Taking a step back, Clinton warned that it's impossible to separate the problems with today's criminal justice system from more fundamental concerns about race, opportunity, and inequality.
"I don't want the discussion about criminal justice, smart policing to be siloed...the conversation needs to be much broader, because that is a symptom, not a cause for what ails us today," she said. "We can't separate the unrest we see on our streets from the cycles of poverty and despair that hollow out those neighborhoods."
The tone of the speech was particularly noteworthy for Clinton because her husband, former President Bill Clinton, embraced "tough-on-crime" policies during his presidency the 1990s.
Clinton's address reflected a calculation that the pendulum has swung since her husband's tenure - that skyrocketing incarceration rates and falling crime rates have created the political space necessary for policymakers to rethink old approaches to crime and punishment.
Clinton nodded at some recent bipartisan activity in Congress on the issue, commending Republicans like Kentucky's Rand Paul and Utah's Mike Lee for partnering with Democrats on issues like sentencing and prison reform.
"There seems to be a growing bipartisan movement for common sense reforms in our criminal justice system," she said. "It is rare to see Democrats and Republicans agree on anything today. But we're beginning to agree on this."
Bill and Hillary are of course the face of financial deregulation and globalization giving us the mess of Wall Street, all the corporate fraud and government corruption with Wall Street market scams bringing bubble and burst economies to anyone tied to US economy. Well, it would not surprise that these same Clinton's are right there in these secret Trans Pacific Trade Pact negotiations making the same kind of policy that completely deregulates banking globally. So, while Obama is pretending to be posing progressive with Dodd-Frank----they are writing into TPP the same deregulatory laws Clinton installed.
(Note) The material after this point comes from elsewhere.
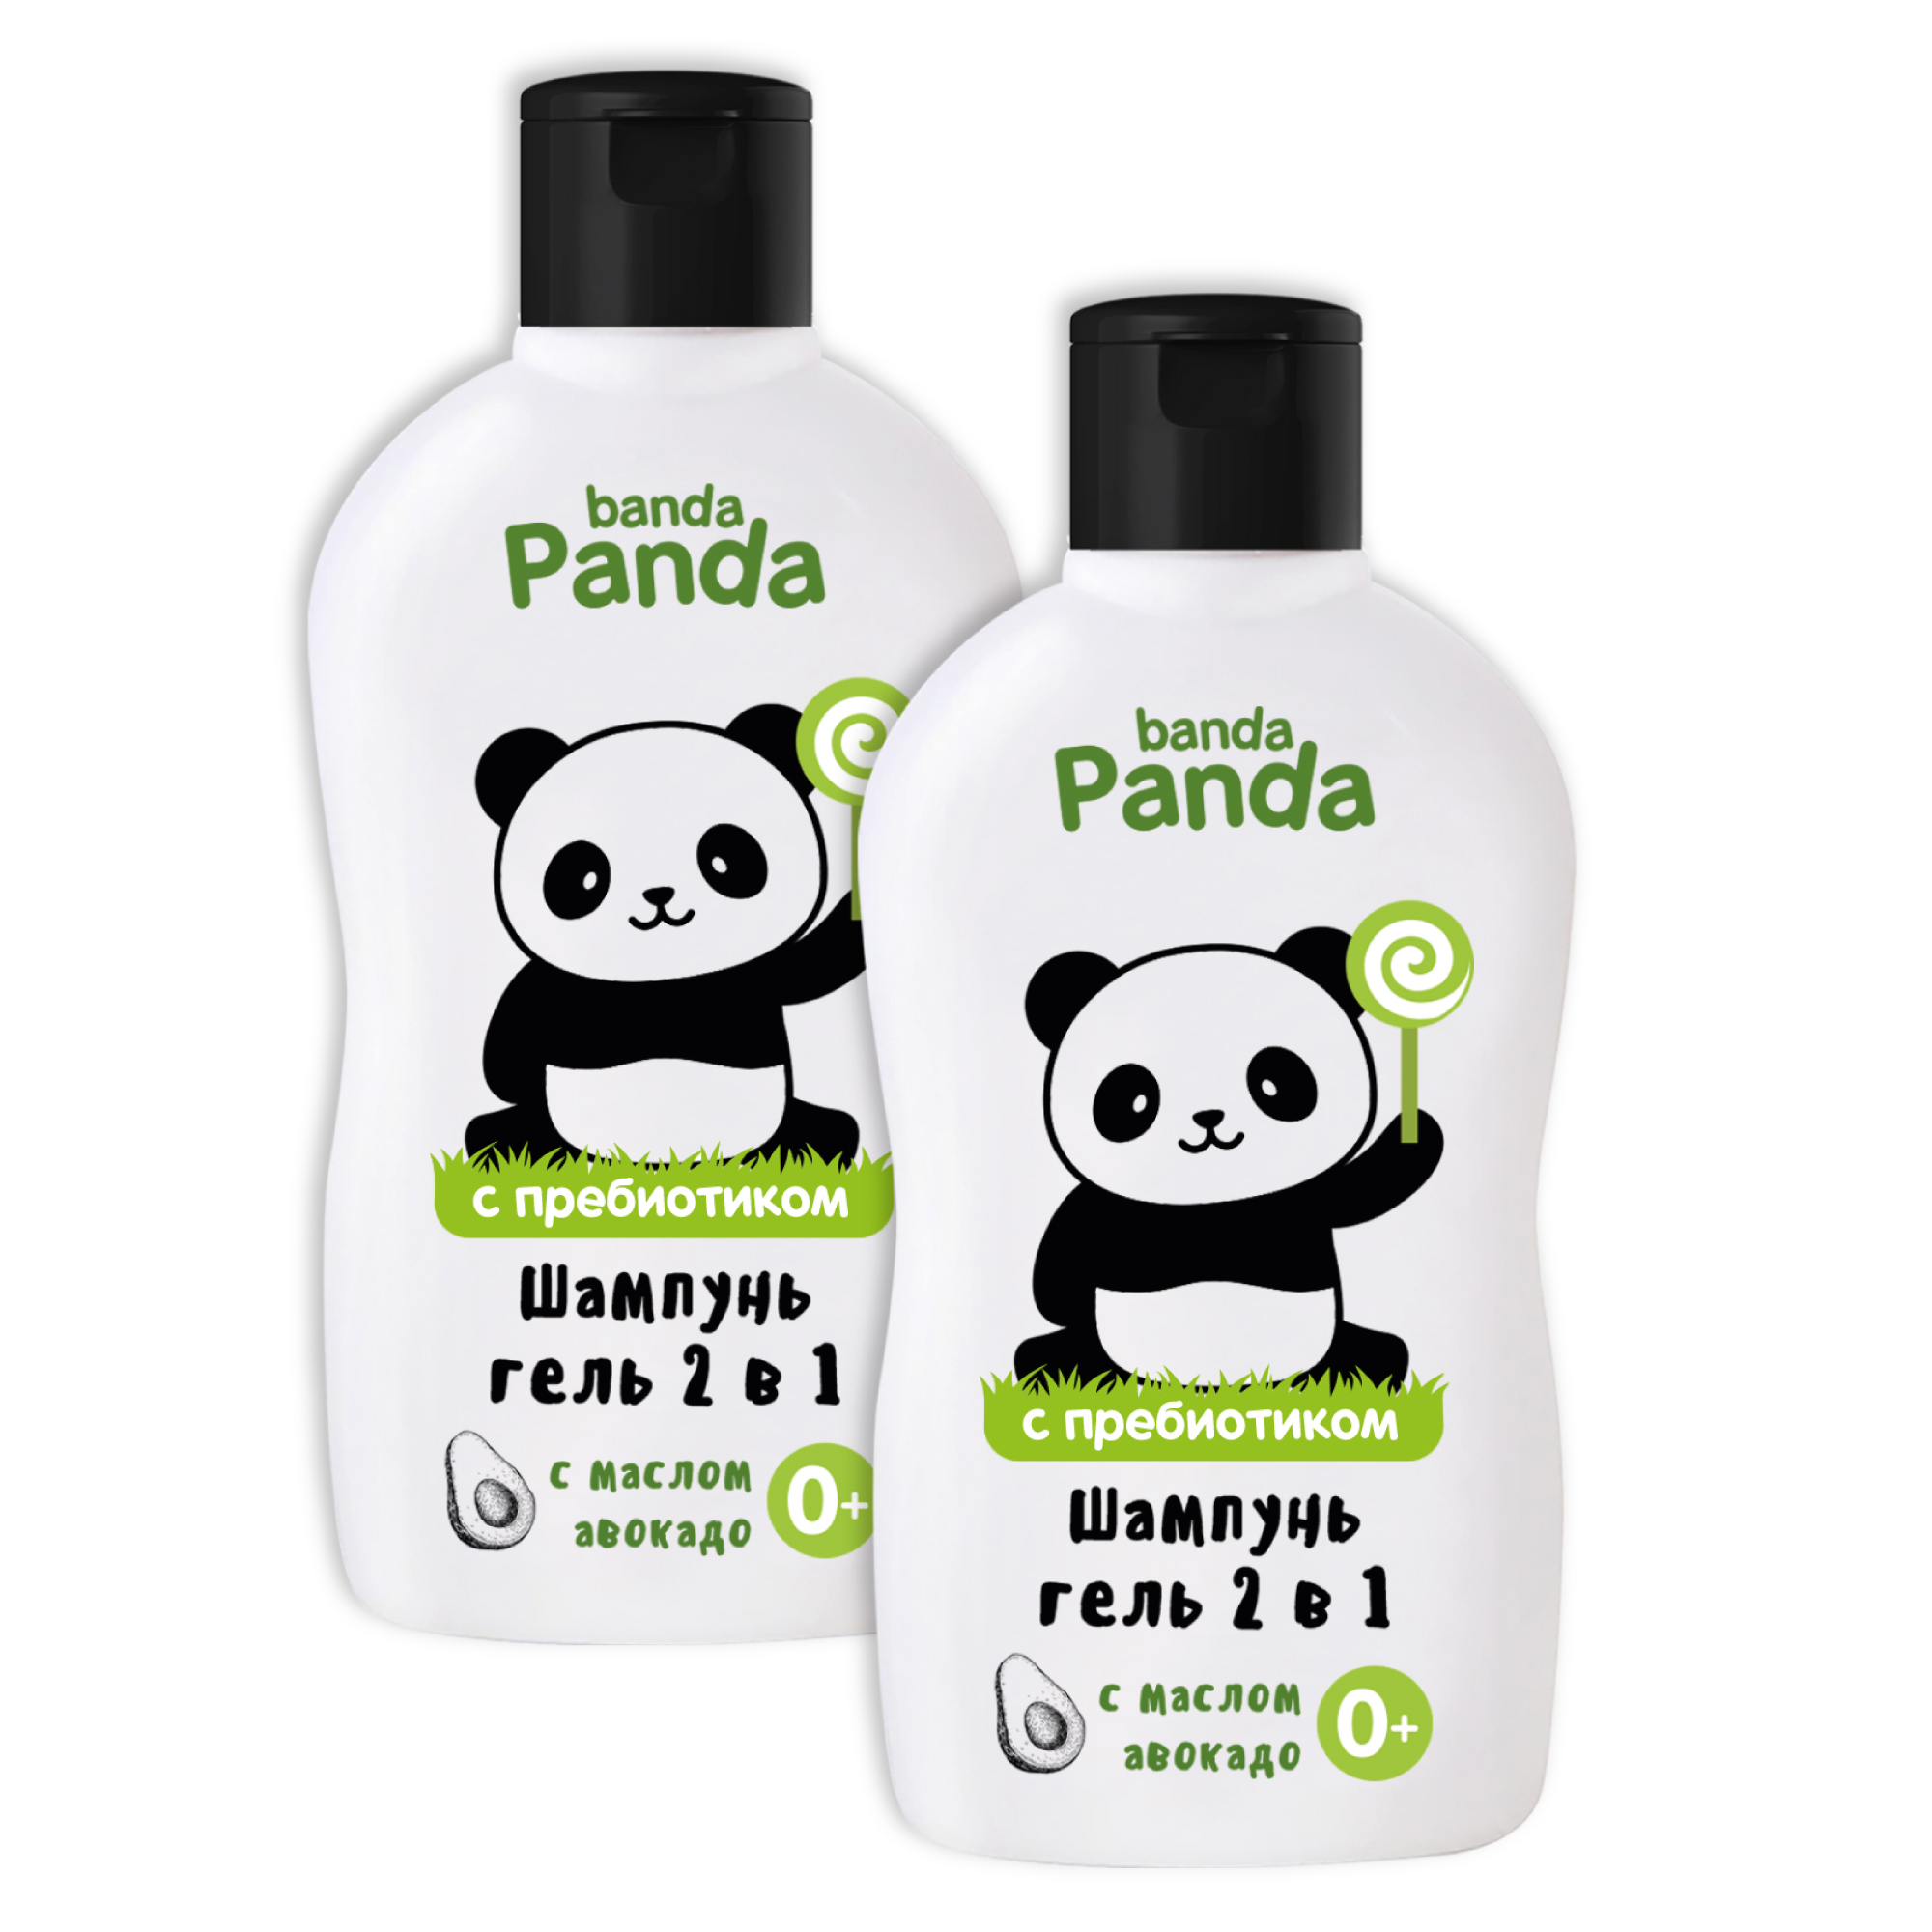 Набор с Пребиотиком banda Panda 2шт по 250мл Средство для купания и шампунь для волос 2в1 с маслом авокадо 0+ - фото 2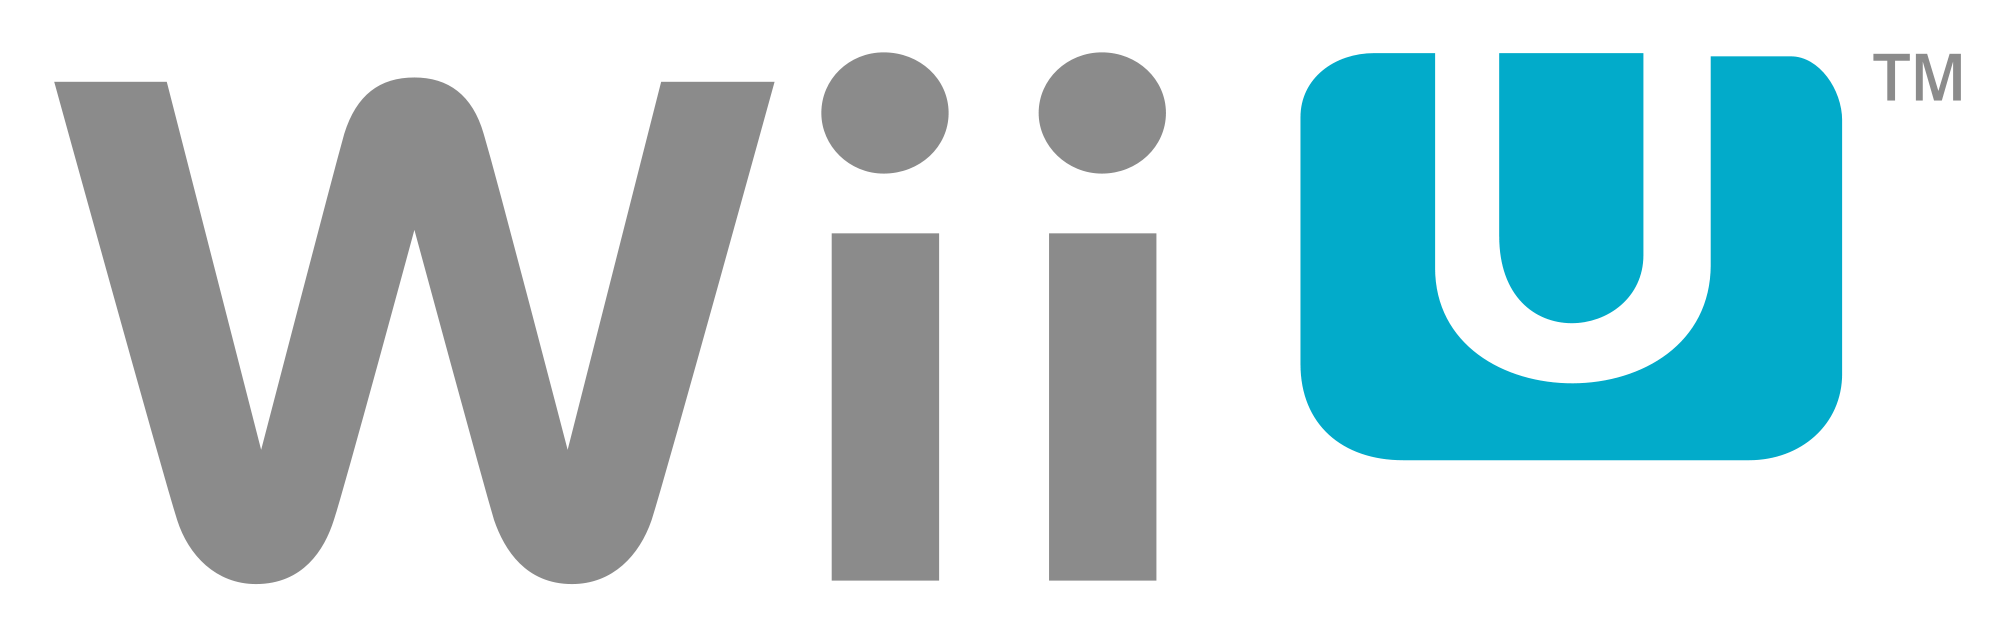 Wii Logo - Wii u Logos

The Trans-Pacific Partnership: Undermining Wall Street Reform
In the wake of the worst financial crisis and economic recession since the Great Depression, governments around the world are re-regulating financial firms, seeking to reverse the extreme deregulation that led to foreclosed homes, bank bailouts, lost jobs and collapsing economies. Incredibly, the Trans-Pacific Partnership (TPP) would provide big banks with a backdoor means of watering down such efforts to re-regulate Wall Street.
TPP rules, written under the advisement of banks before the financial crisis, would require domestic law to conform to the now-rejected model of deregulation that led to financial ruin. The TPP would undermine bans on particularly risky financial products, such as the toxic derivatives that led to the $183 billion government bailout of AIG. It would threaten policies to prevent banks from becoming "too big to fail" and the use of "firewalls" to prevent banks that keep our savings accounts from taking hedge-fund-style bets.
The TPP would also restrict capital controls, an essential policy tool to counter destabilizing flows of speculative money. Even the International Monetary Fund has recently endorsed capital controls as legitimate for mitigating or preventing financial crises. And the deal would pose new hurdles to taxes on Wall Street speculation, such as the proposed Robin Hood Tax that would generate billions of dollars' worth of revenue for social, health, or environmental causes.
The TPP would empower foreign financial firms to directly attack these and other financial stability policies in foreign tribunals, demanding taxpayer compensation for regulations that they claim frustrate their expectations and inhibit their profits.